• **Dataset content**:
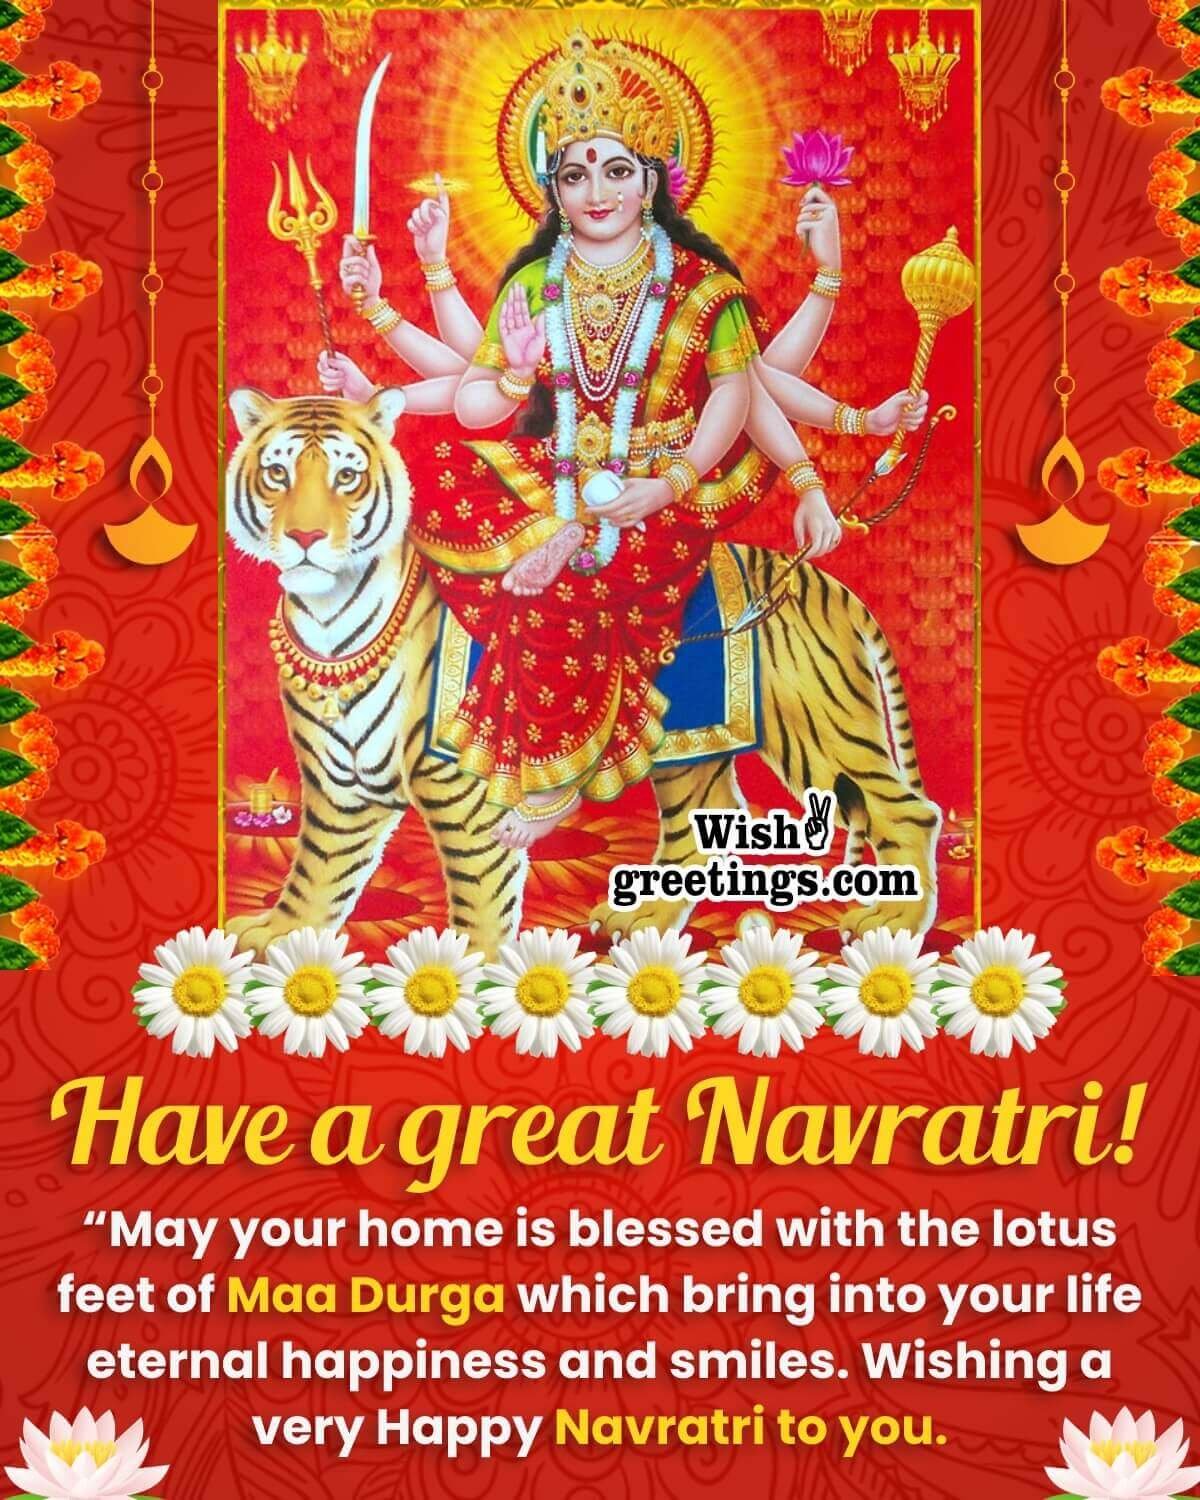 Happy Navratri Image
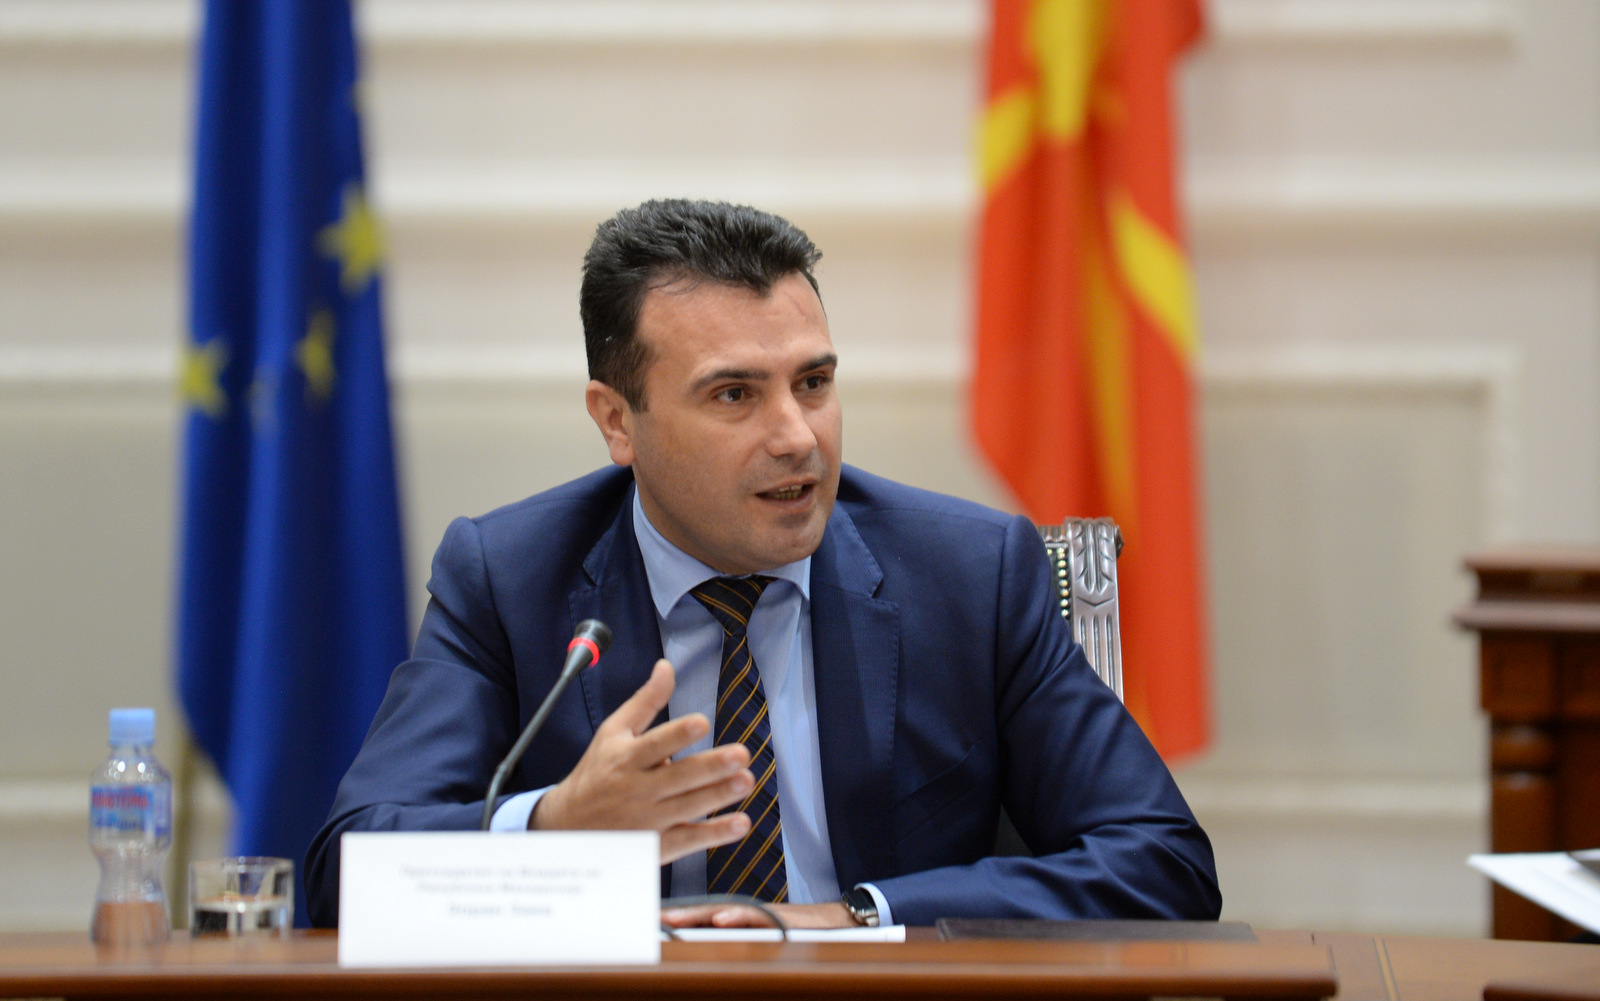 Η σκοπιανή κυβέρνηση τα “μαζεύει” μετά τις αντιδράσεις – Νέος όρος για τους “Μακεδόνες του Εξωτερικού”
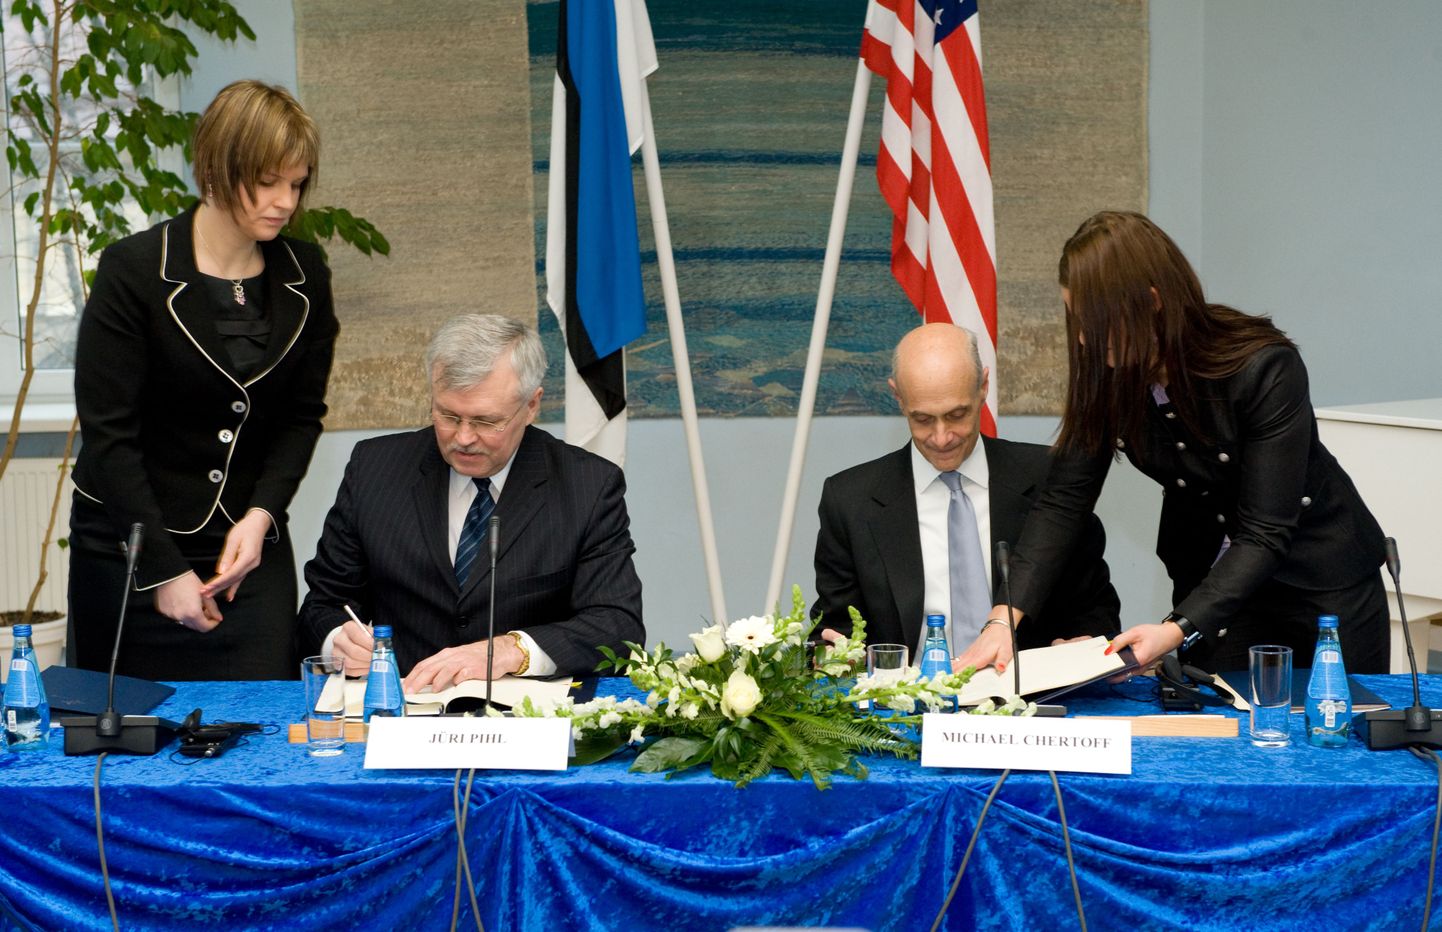 USA ja Eesti viisavabaduse memorandumi allkirjastamine, pildil on siseminister Jüri Pihl ja Ühendriikide sisejulgeoleku minister Michael Chertoff.

• **What needs to be done**:
What's needed is a word-for-word retyping of the listing, minus its pictures.

• **Completed task**:
 Happy Navratri Image
 Η σκοπιανή κυβέρνηση τα “μαζεύει” μετά τις αντιδράσεις – Νέος όρος για τους “Μακεδόνες του Εξωτερικού”
 USA ja Eesti viisavabaduse memorandumi allkirjastamine, pildil on siseminister Jüri Pihl ja Ühendriikide sisejulgeoleku minister Michael Chertoff.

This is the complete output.